To do: Using the records below, give again exactly the lines from the line that contains "Buy stock photo" through the line that contains "A woman walking", both ends included, and only those.

Excerpted data:
::::::
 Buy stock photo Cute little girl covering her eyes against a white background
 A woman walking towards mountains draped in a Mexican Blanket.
::::::
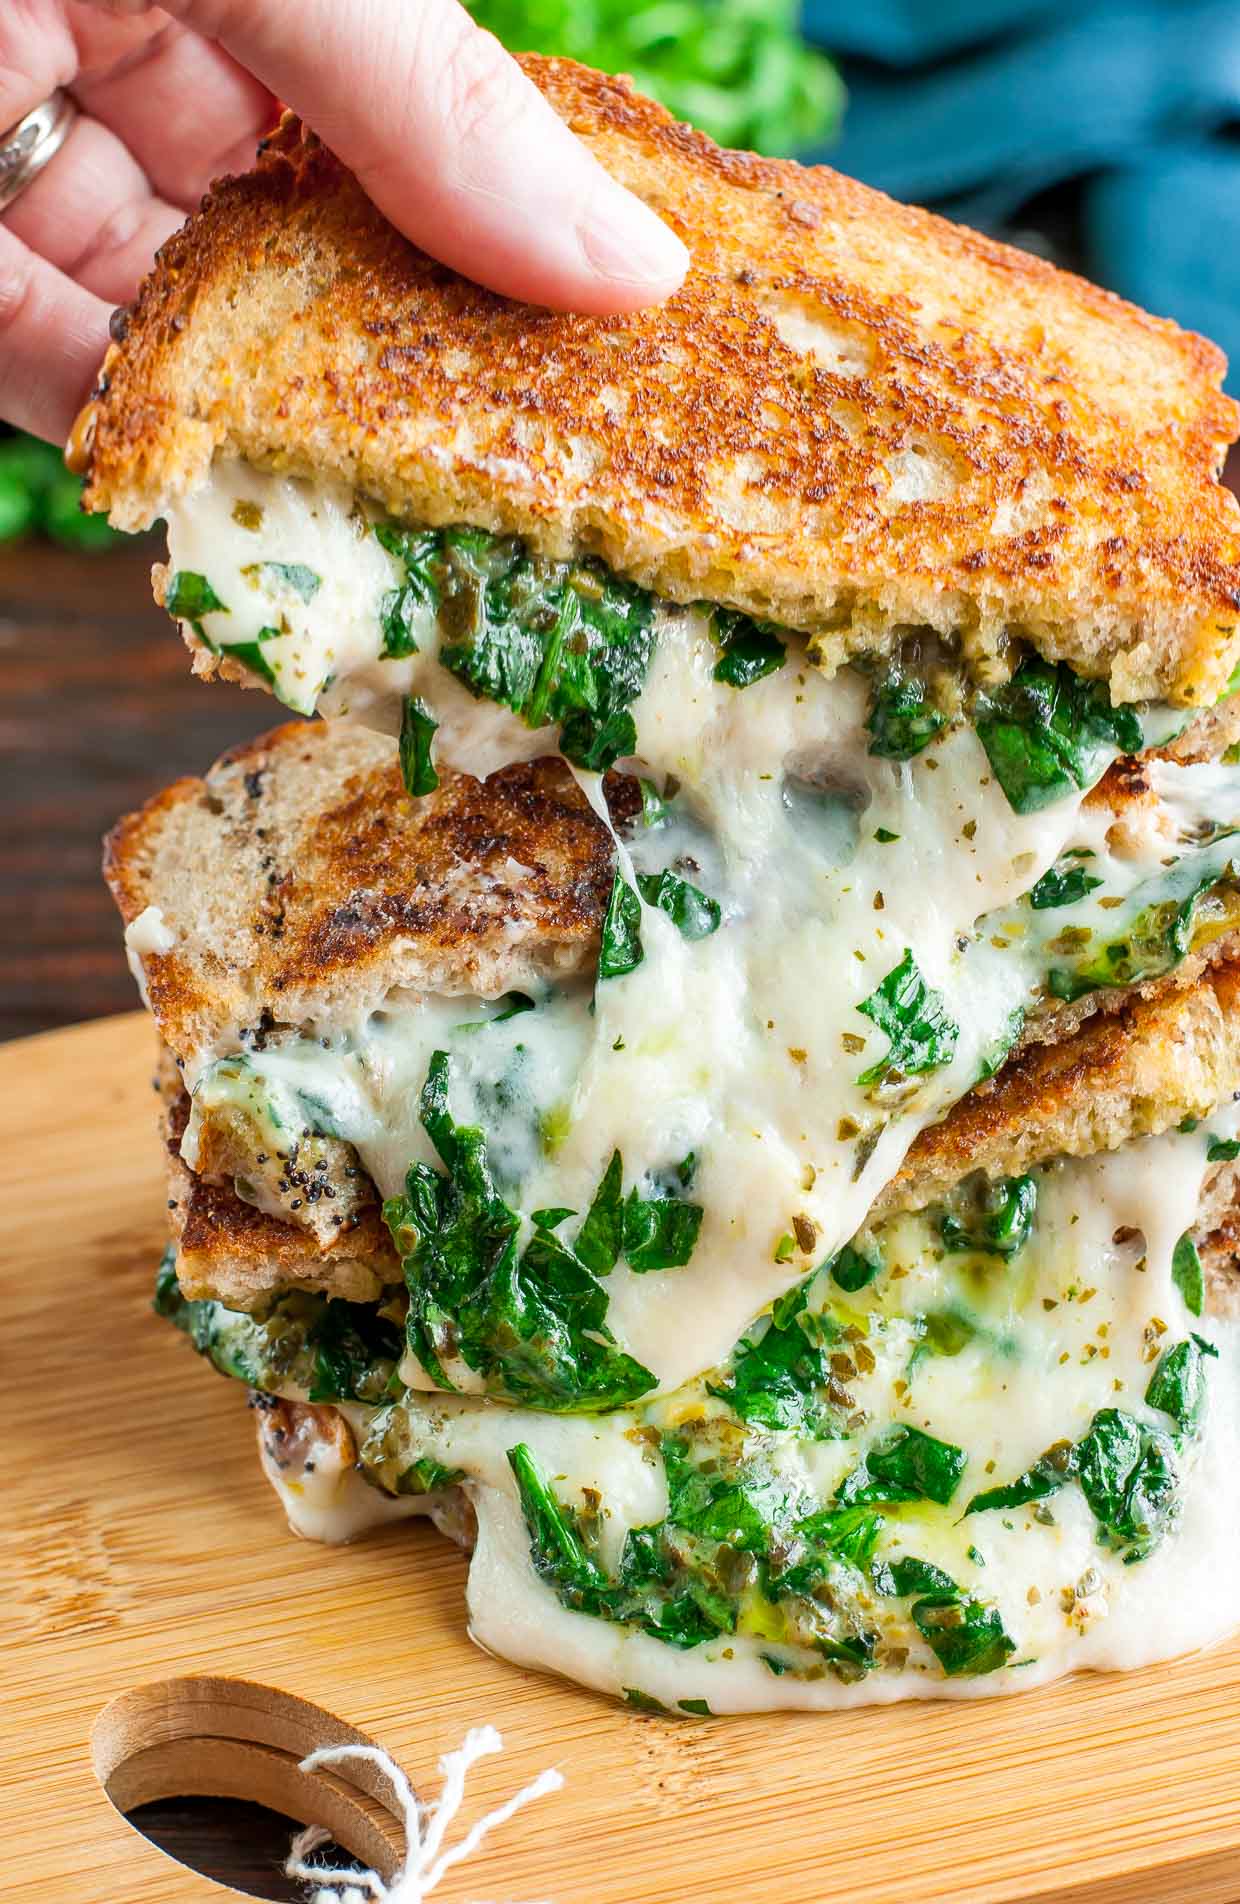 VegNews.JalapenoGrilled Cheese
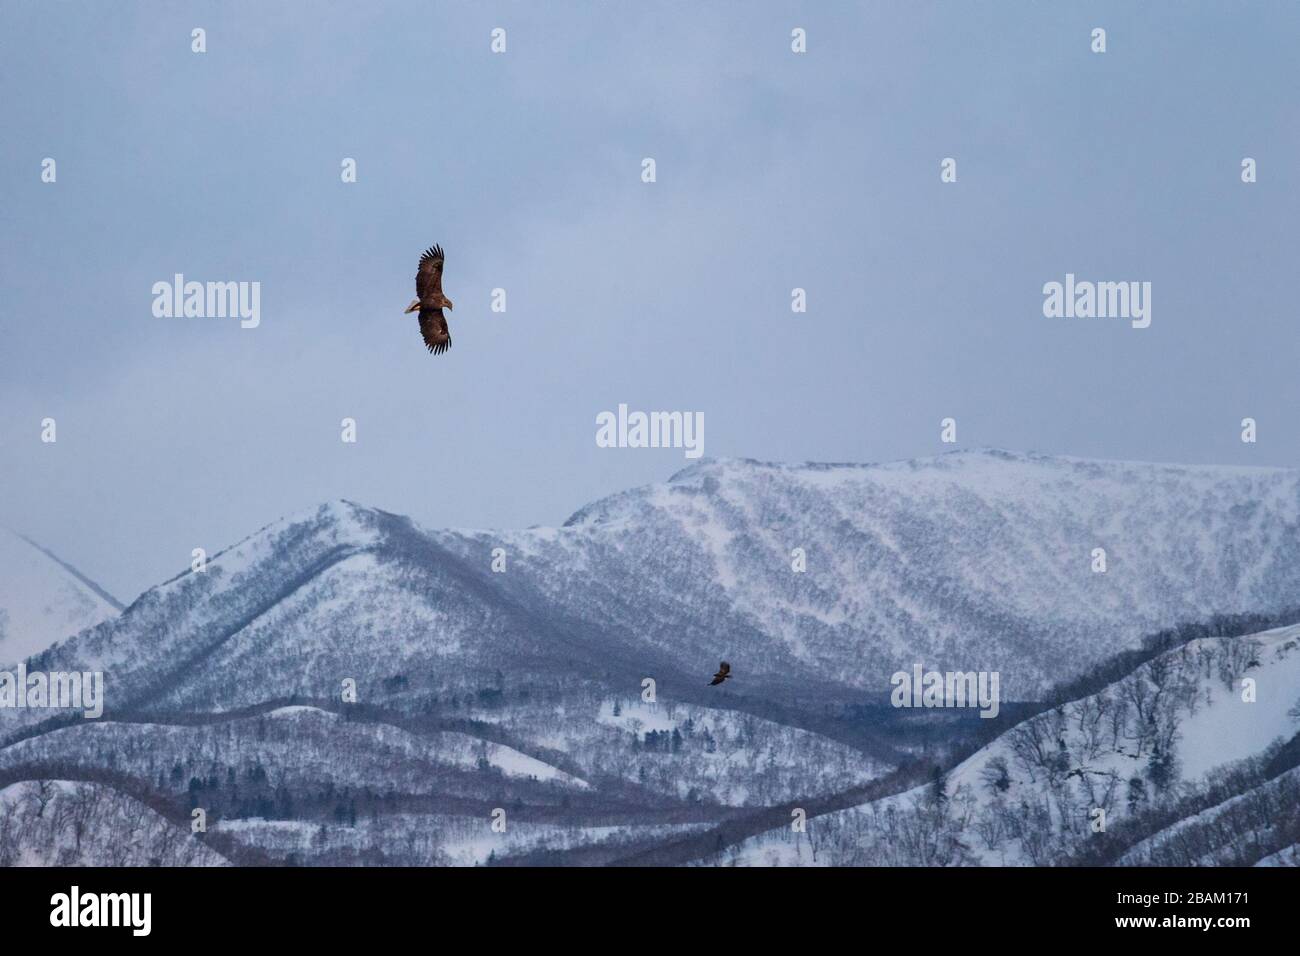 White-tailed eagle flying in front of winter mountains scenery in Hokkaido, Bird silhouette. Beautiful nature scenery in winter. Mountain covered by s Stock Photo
::::::
Reply to the task:
 Buy stock photo Cute little girl covering her eyes against a white background
 A woman walking towards mountains draped in a Mexican Blanket.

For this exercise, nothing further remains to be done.